What you will do: Each entry should be copied as it stands, leaving the pictures behind.

Material shown:
>>>
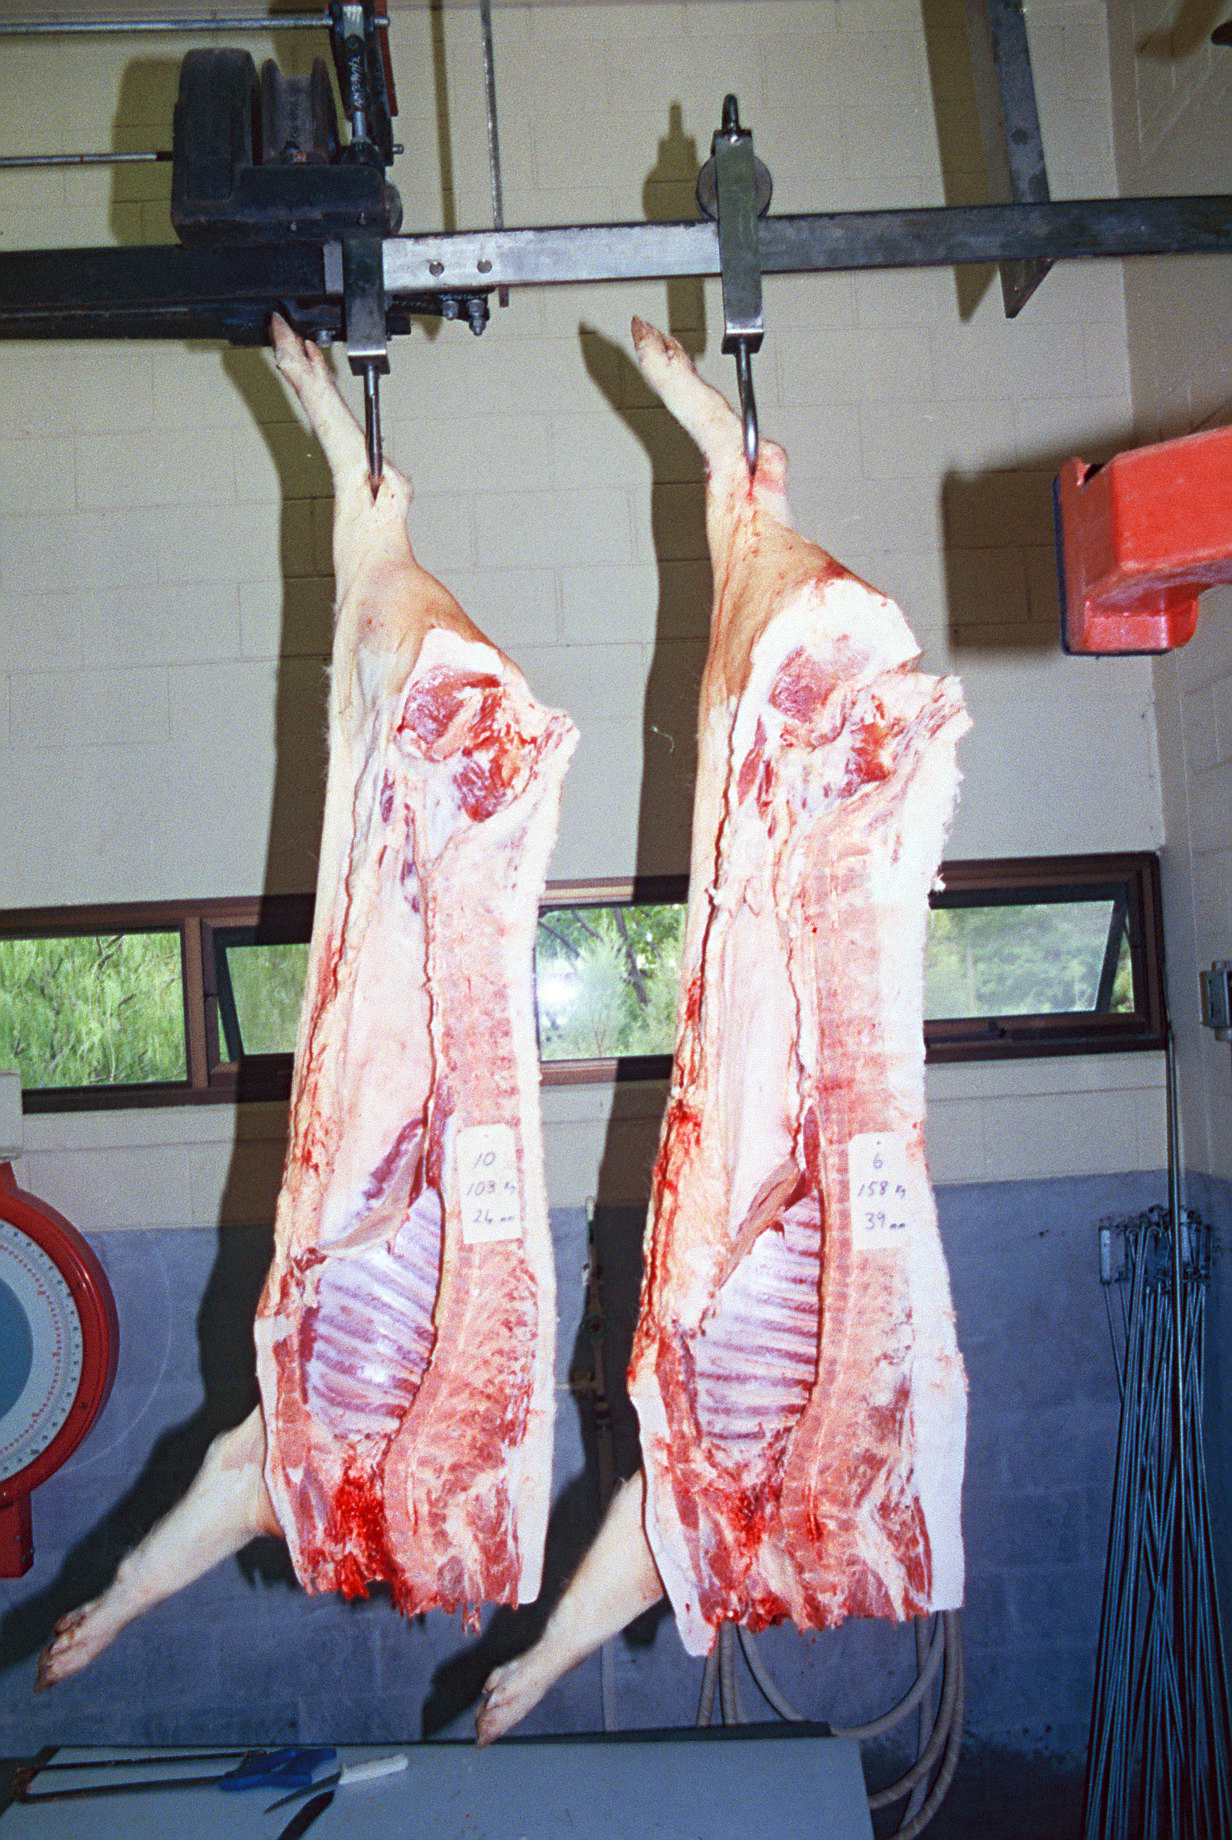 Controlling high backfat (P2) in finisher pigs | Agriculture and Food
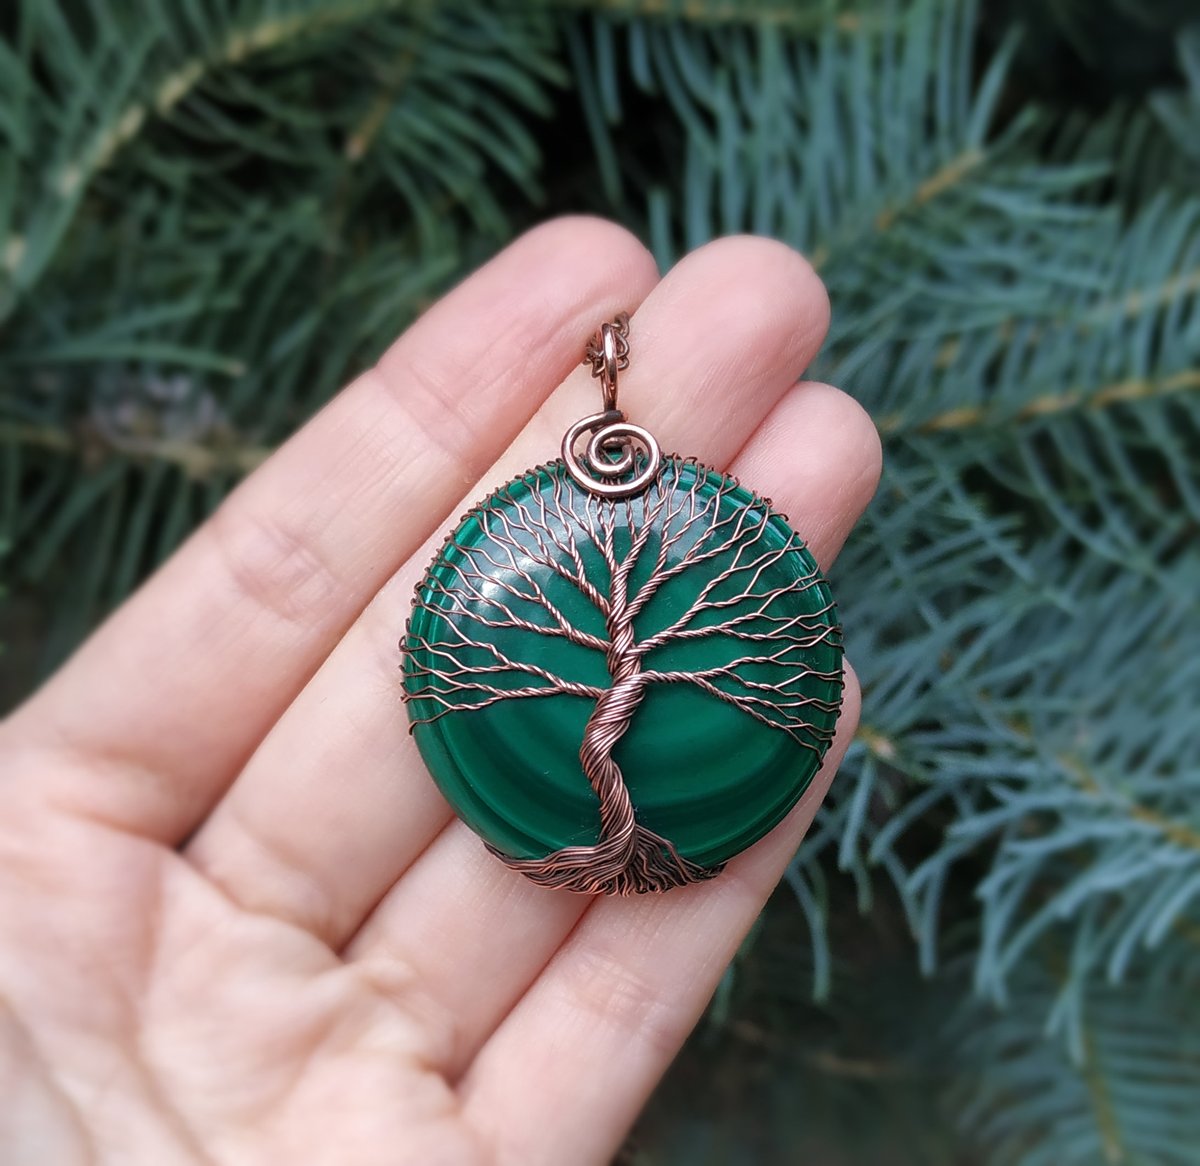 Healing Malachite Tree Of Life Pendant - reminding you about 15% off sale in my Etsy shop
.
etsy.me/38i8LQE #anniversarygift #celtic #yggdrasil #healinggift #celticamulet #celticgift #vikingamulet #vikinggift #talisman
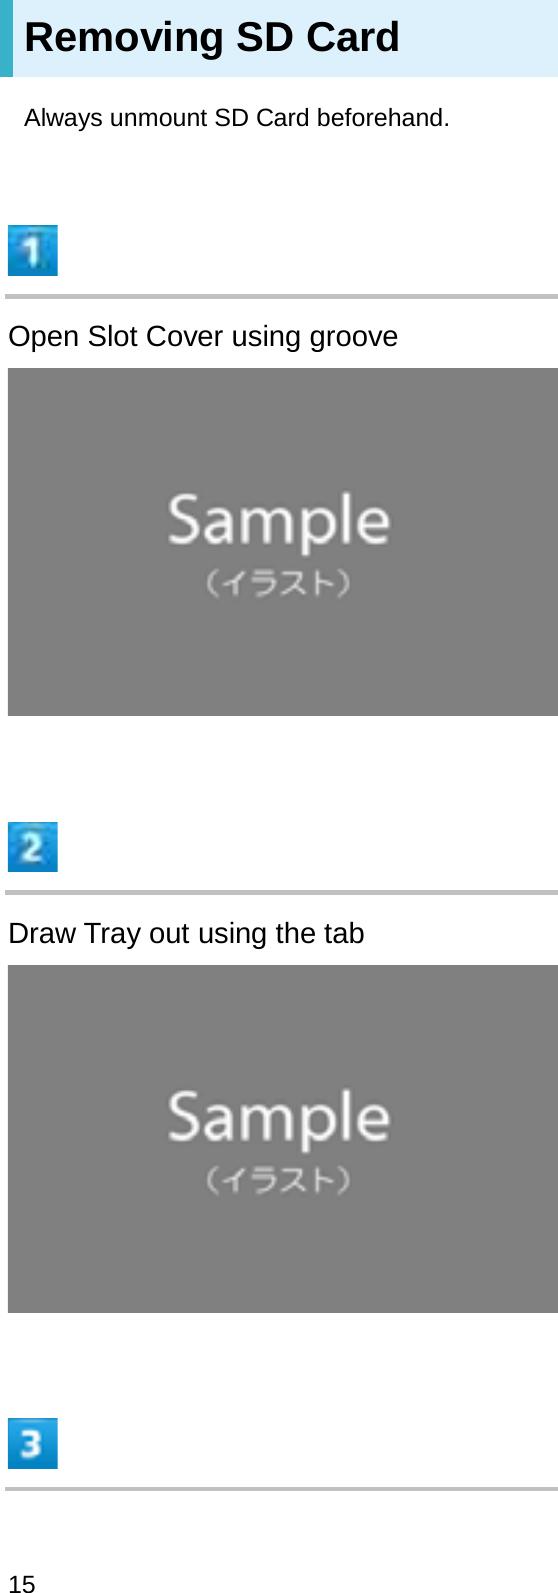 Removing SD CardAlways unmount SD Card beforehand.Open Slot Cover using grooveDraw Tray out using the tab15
<<<
Task result:
 Controlling high backfat (P2) in finisher pigs | Agriculture and Food
 Healing Malachite Tree Of Life Pendant - reminding you about 15% off sale in my Etsy shop
.
etsy.me/38i8LQE #anniversarygift #celtic #yggdrasil #healinggift #celticamulet #celticgift #vikingamulet #vikinggift #talisman
 Removing SD CardAlways unmount SD Card beforehand.Open Slot Cover using grooveDraw Tray out using the tab15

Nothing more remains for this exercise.